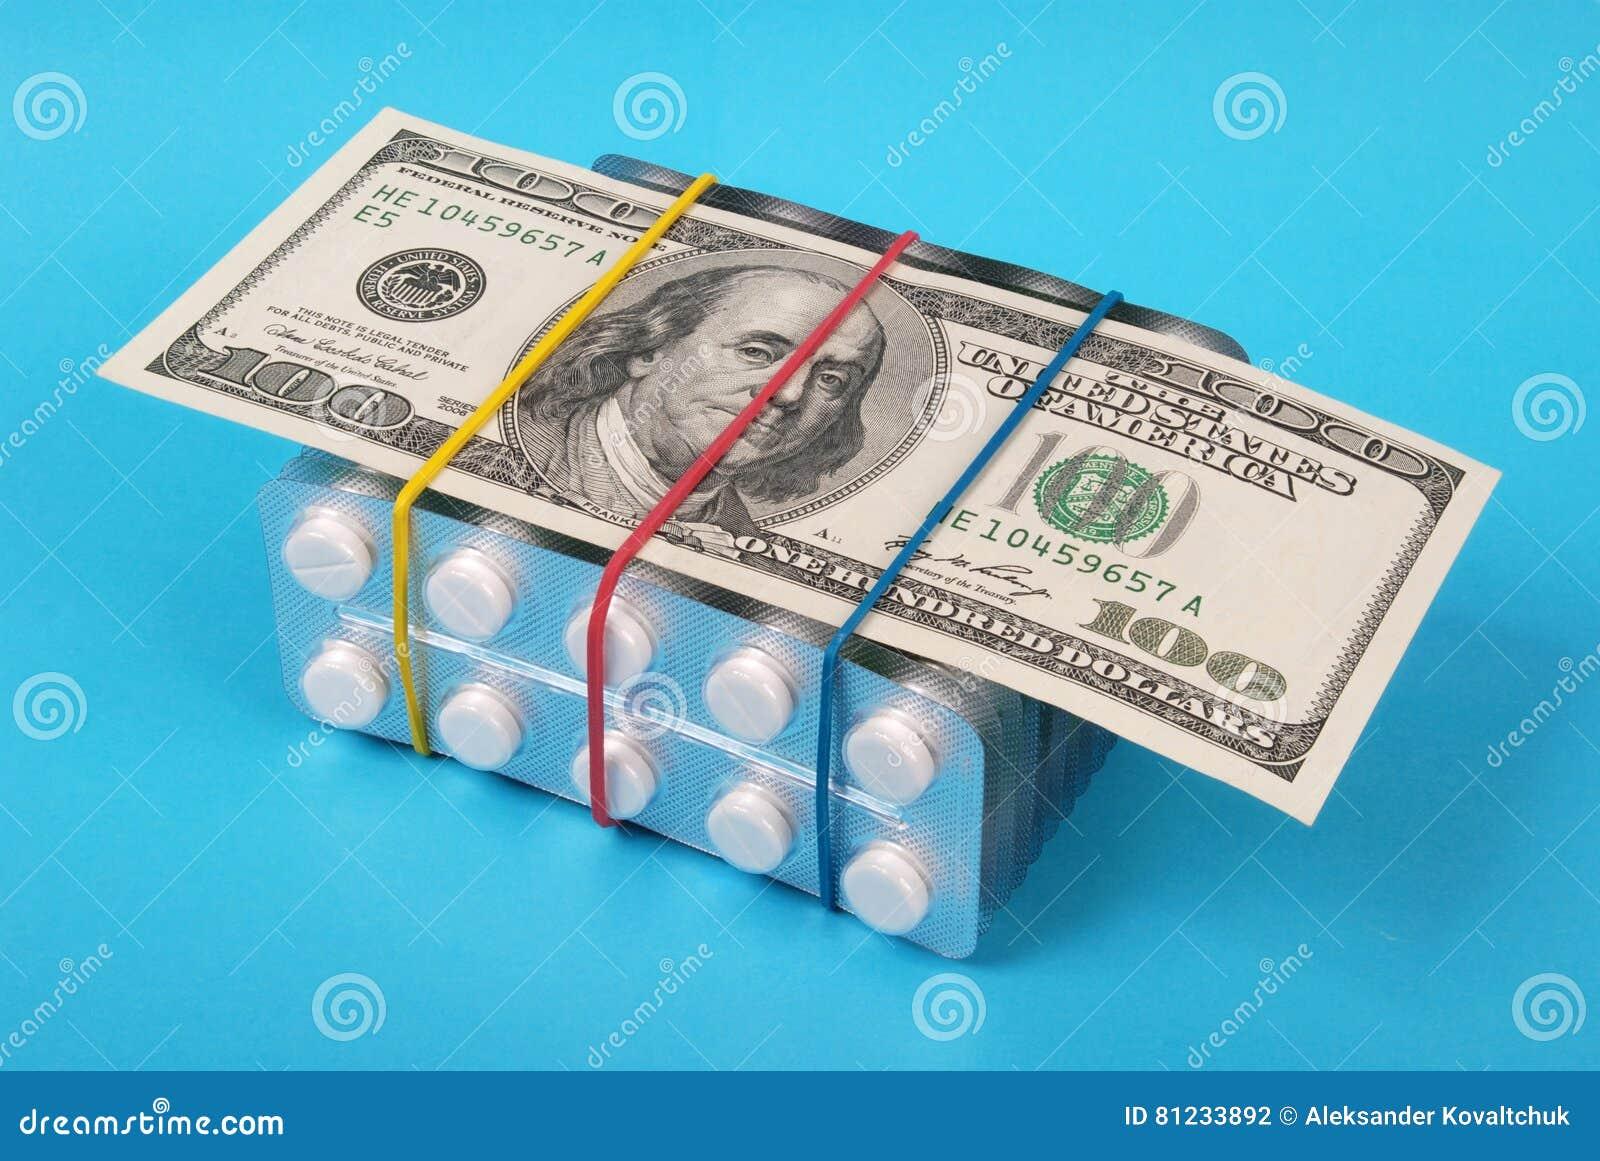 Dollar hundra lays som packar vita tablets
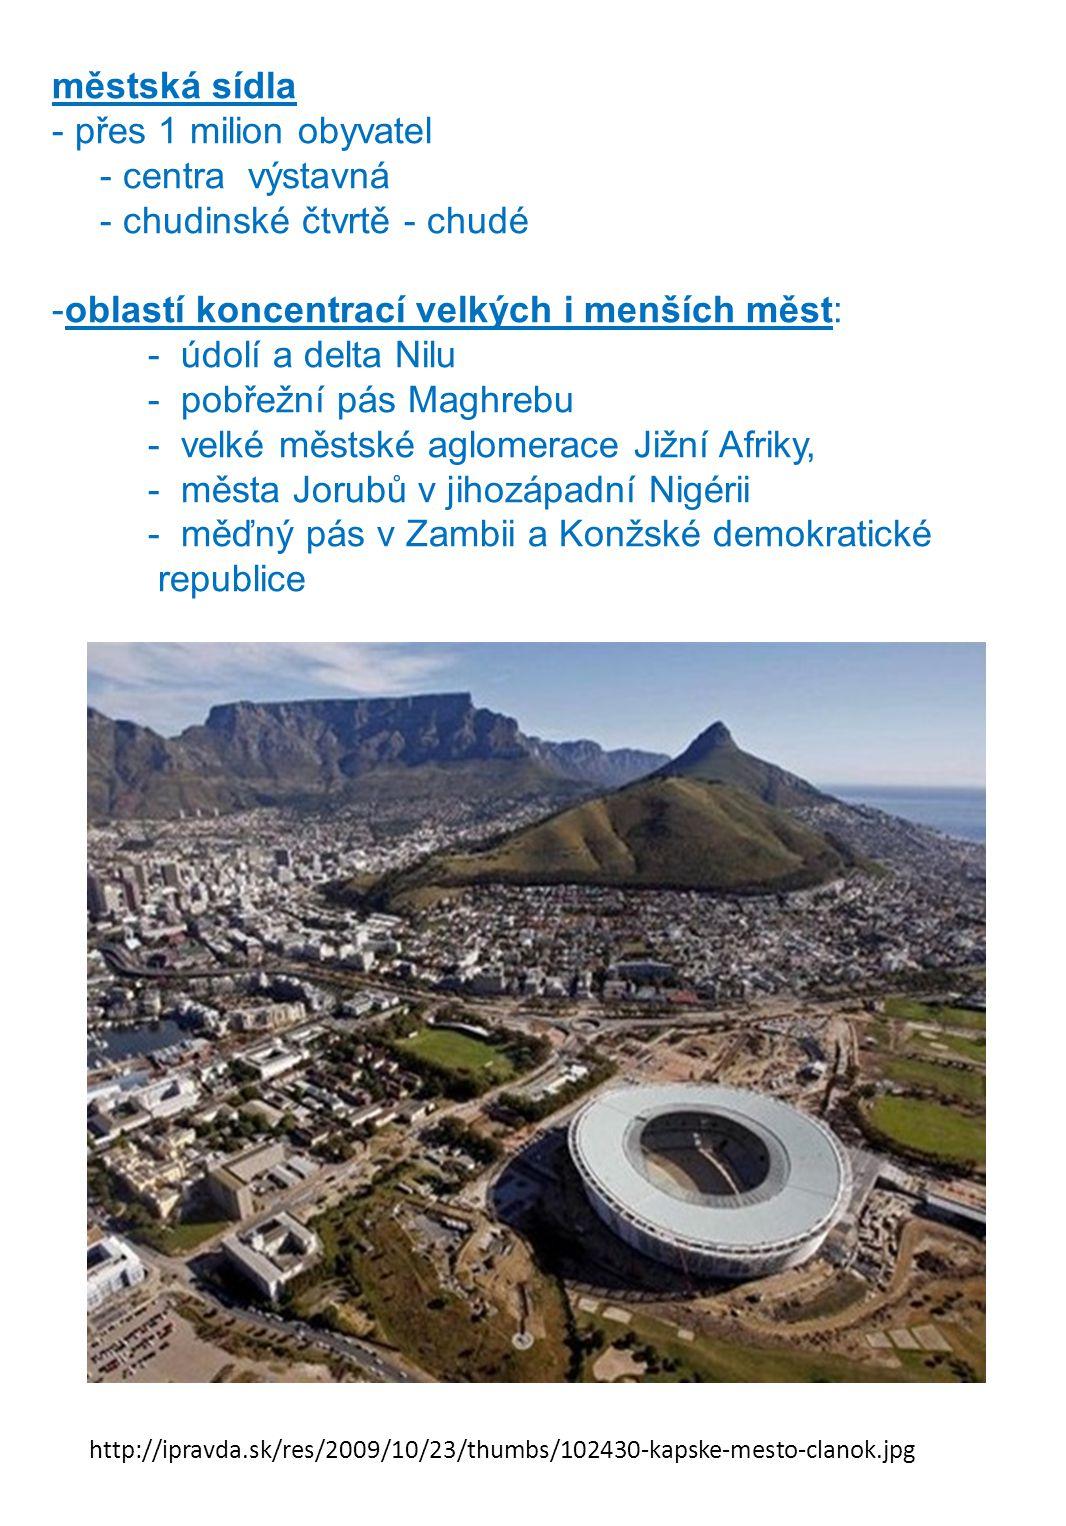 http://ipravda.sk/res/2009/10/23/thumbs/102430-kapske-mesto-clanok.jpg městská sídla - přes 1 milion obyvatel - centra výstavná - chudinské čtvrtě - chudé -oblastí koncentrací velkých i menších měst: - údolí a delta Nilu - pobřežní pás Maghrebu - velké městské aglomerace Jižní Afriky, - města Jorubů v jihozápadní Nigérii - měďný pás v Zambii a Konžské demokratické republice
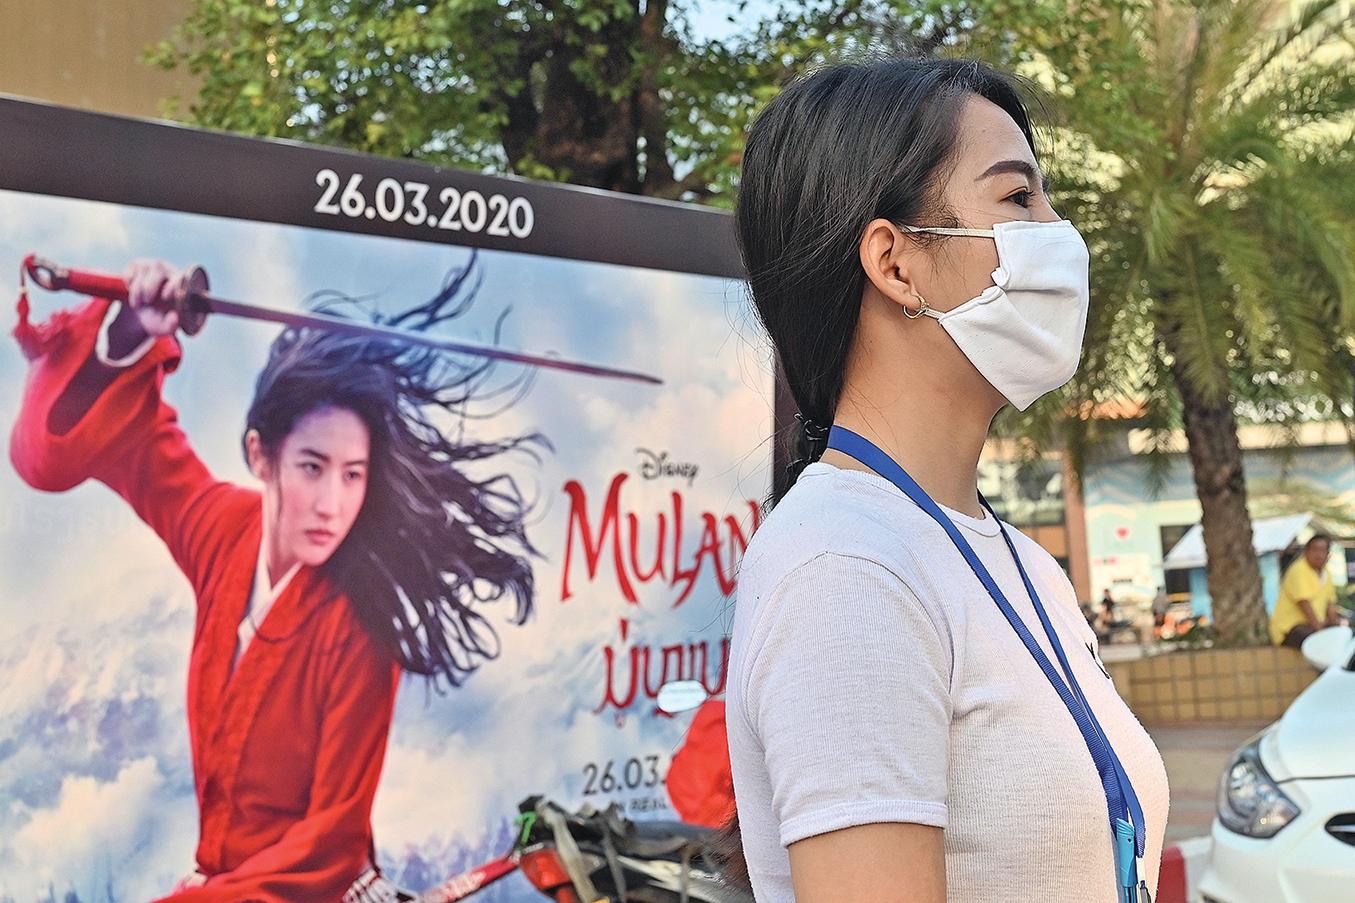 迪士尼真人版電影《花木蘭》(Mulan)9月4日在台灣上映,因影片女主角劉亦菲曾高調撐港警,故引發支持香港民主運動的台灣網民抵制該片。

▸ BRIEF:
Repeat the data exactly as given. Keep every picture out of the copy.

▸ WRITTEN RESPONSE:
 Dollar hundra lays som packar vita tablets
 http://ipravda.sk/res/2009/10/23/thumbs/102430-kapske-mesto-clanok.jpg městská sídla - přes 1 milion obyvatel - centra výstavná - chudinské čtvrtě - chudé -oblastí koncentrací velkých i menších měst: - údolí a delta Nilu - pobřežní pás Maghrebu - velké městské aglomerace Jižní Afriky, - města Jorubů v jihozápadní Nigérii - měďný pás v Zambii a Konžské demokratické republice
 迪士尼真人版電影《花木蘭》(Mulan)9月4日在台灣上映,因影片女主角劉亦菲曾高調撐港警,故引發支持香港民主運動的台灣網民抵制該片。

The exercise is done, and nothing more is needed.